Upavistha Konasana (Wide Angle Seated Froward Bend) is a great pose to bring circulation and energy to the entire abdominal region which tends to get a little crowded during pregnancy. It helps elongate the spine relieving pressure on the heart, lungs, and diaphragm and reduces sciatic nerve pain by stretching the hamstring muscles.
To begin, bring a folded blanket up against the wall so that your sitting bones can rest on the blanket and your thighs hang off the front edge. Sit down with your back resting gently against the wall legs together and straight out in front of you. Place your fingertips on the floor beside you, descend your sitting bones into the blanket and extend your crown towards the ceiling. There should be a space between your lower back and the wall; if not fold the blanket higher and try again.

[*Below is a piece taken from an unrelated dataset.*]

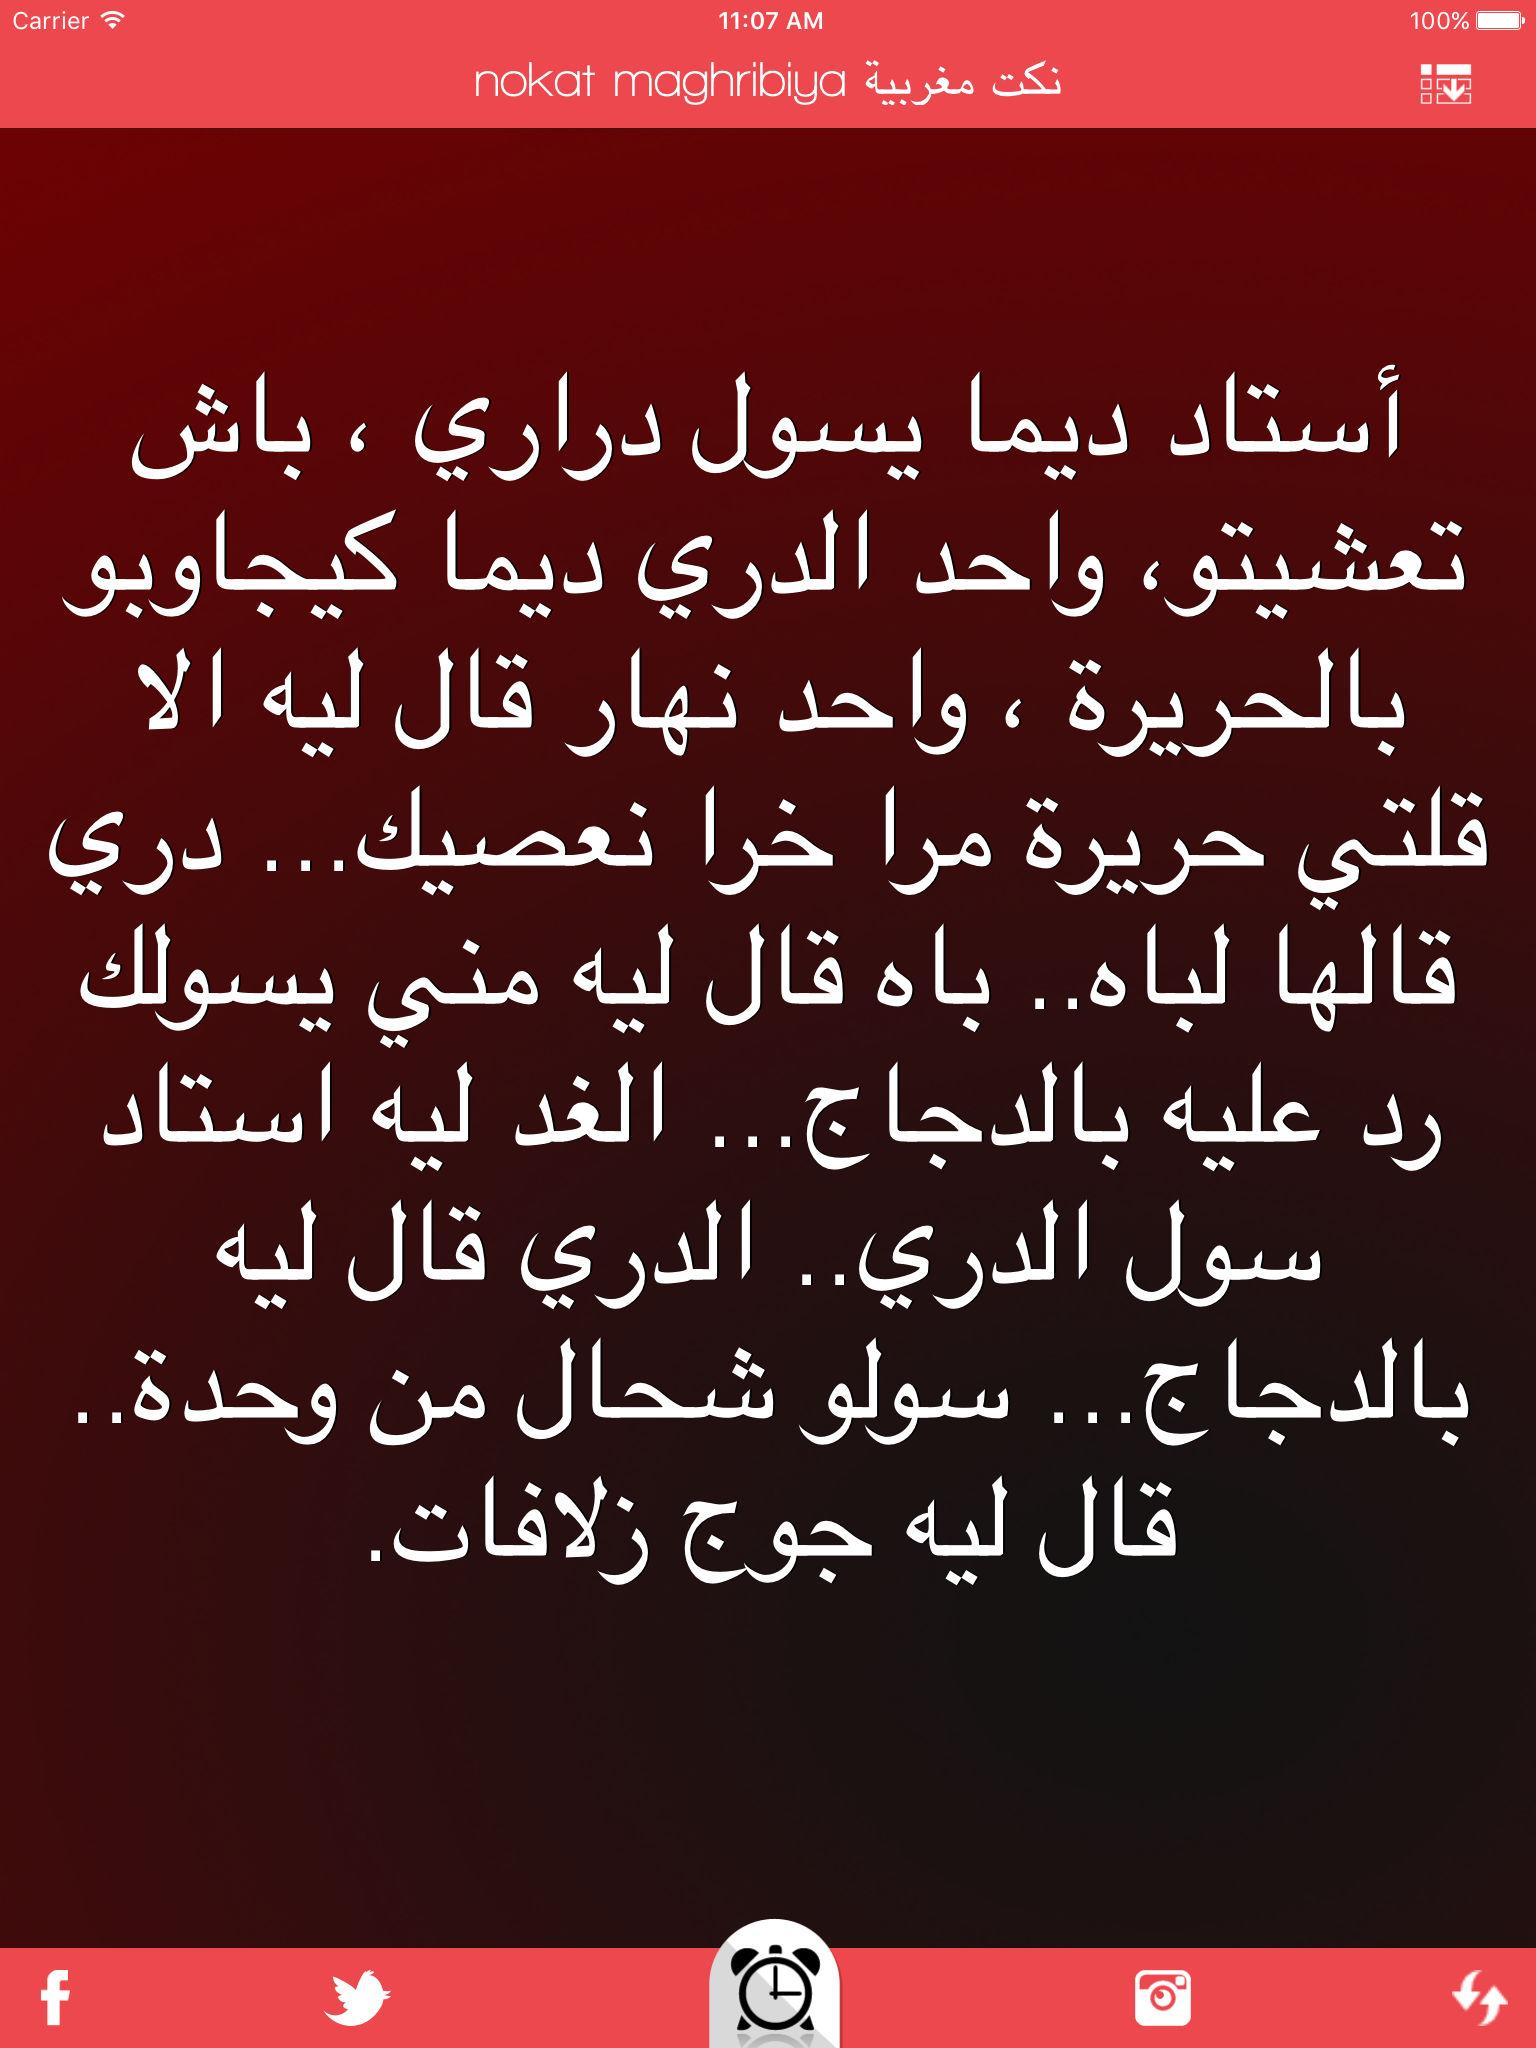 بالصور نكت مغربية مضحكة , اجمد النكت المغربيه 3221 8

Extend from the center of your breastbone out both collarbones bringing your shoulder blades towards one another. Exhale and open your legs out to sides in a V, making sure that the right and left legs have moved out equally. Your center thighs, knees, center ankles, and toes all point up towards the ceiling. Activate the legs by pressing out the toe mounds and heels and drawing the toes towards you. Descend the quadriceps into the floor and pressing into the hands, lift the breastbone allowing the head to float towards the ceiling. Inhaling, raise your arms above your head. Exhale and gently fold forward at the hips floating the arms down in front of you. Elongate from the base of spine out the crown of the head. Check to see that you did not allow your legs to role out to the sides.
Breathe deeply and visualize oxygen and nourishment circulating to your baby. Hold the pose for 30 seconds to start and gradually work up to 5 minutes as you are able. Take care not to strain the inner legs or round the back.